【陳鵡專欄】那天下午,光線沿着老舊窗框慢慢滑進來。
這間學校在 Chinatown,樓梯窄、牆壁斑駁,走廊里常年混著茶葉與舊書的氣味。許多年前,這裡曾是移民父母為孩子守住母語的地方,如今仍勉力撐著。
教室里一切如常。孩子們翻書、說話、晃動雙腳。我卻心裏清楚,這些日常正在悄悄退到記憶里。下課前,我告訴他們,這是最後一堂課。語氣平靜,像敘述一件已經被時間寫好的事情。
安靜只停留了一瞬。
不要。
不要。
聲音並不整齊,卻異常用力。
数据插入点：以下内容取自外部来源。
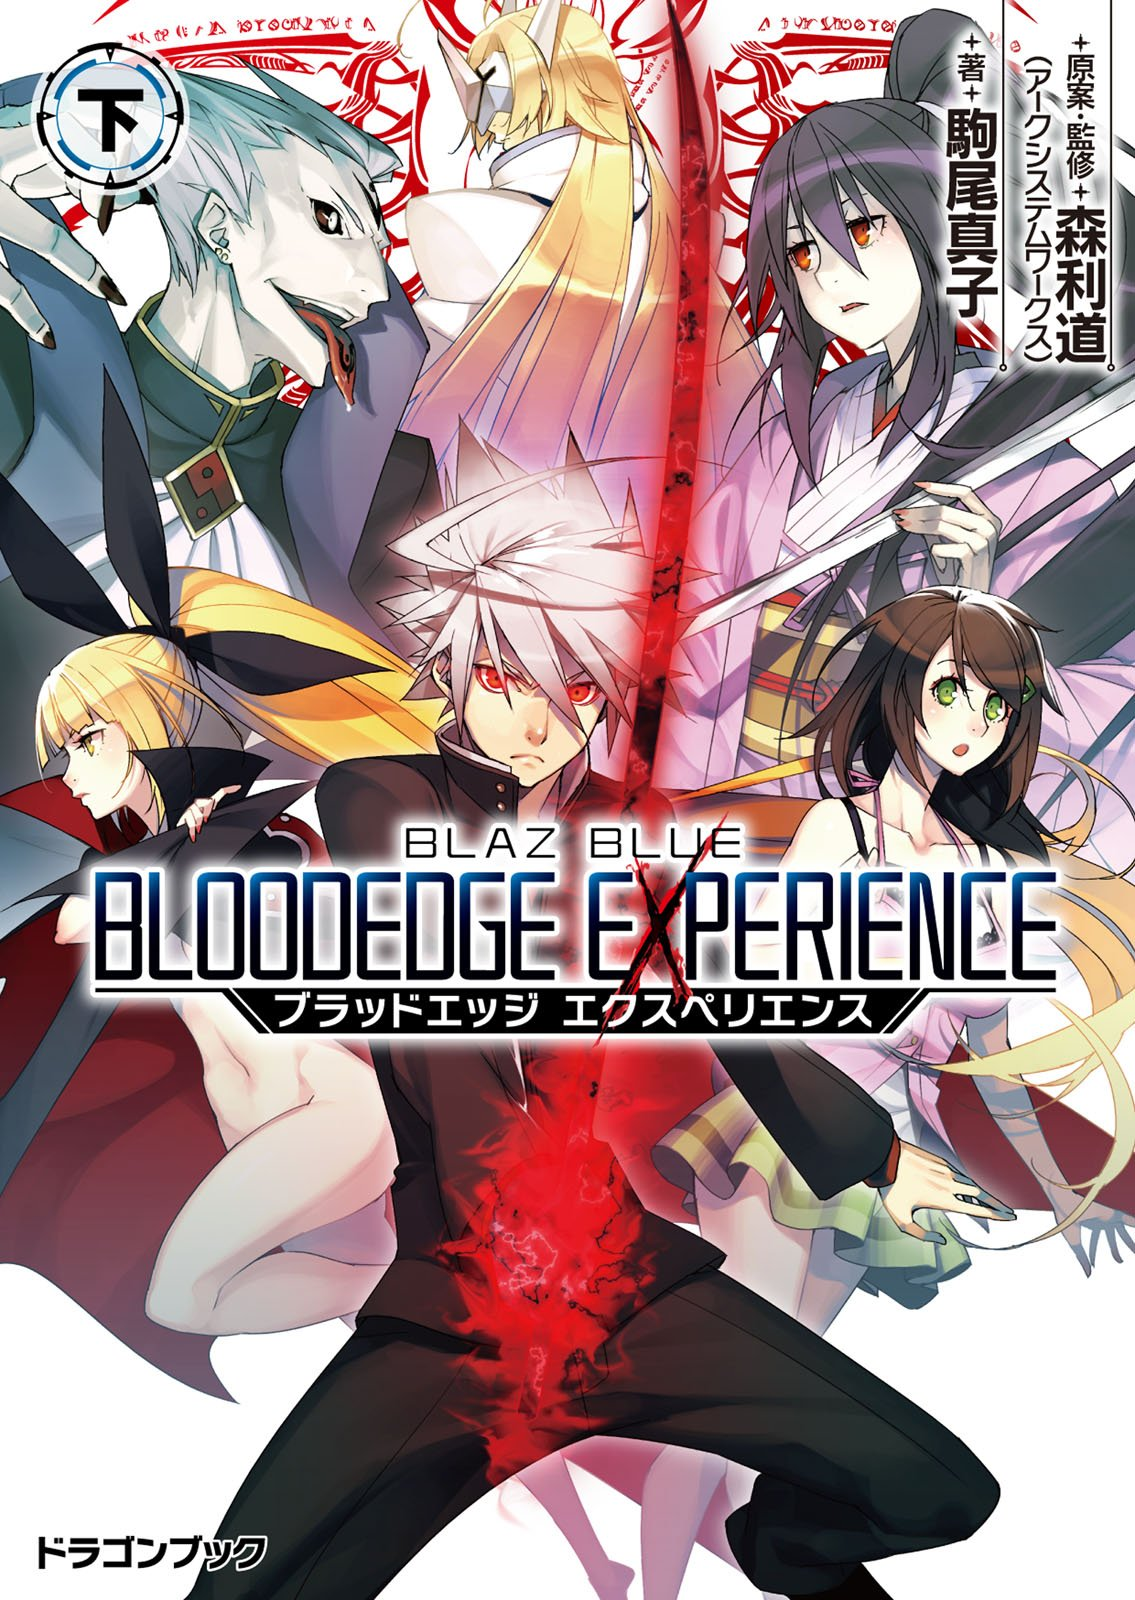 BlazBlue: Bloodedge Experience - Part 2 (November 2014)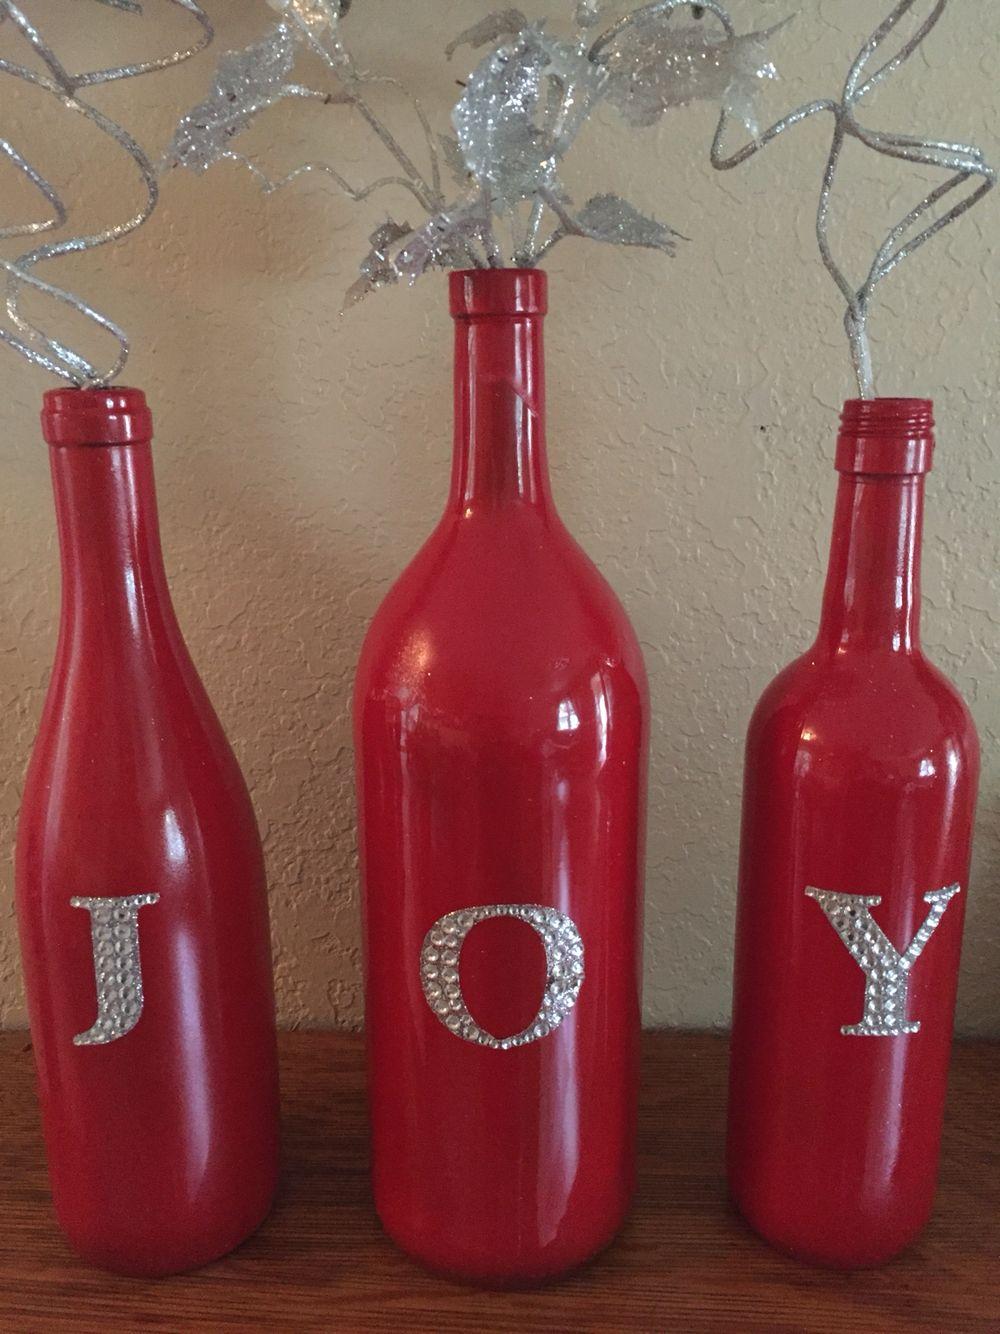 Joy To The World Bottles Decoration Hot Sauce Bottles Sauce Bottle

有人站了起來,有人把手按在桌面上,好像只要再出一點聲音,我就會留下。他們走向我,把一張張折得很小、很整齊的紙條交到我手裡,反覆叮囑:現在不要看,下課以後再看。
鈴聲響起,他們沒有立刻散去,而是在走廊追着我。
「老師,打開小紙條。」
紙一張張展開。
字跡歪斜,語句簡短,沒有一句是多餘的。那一刻我才明白,有些付出,在發生時毫無聲響,直到告別,才突然沉了下來。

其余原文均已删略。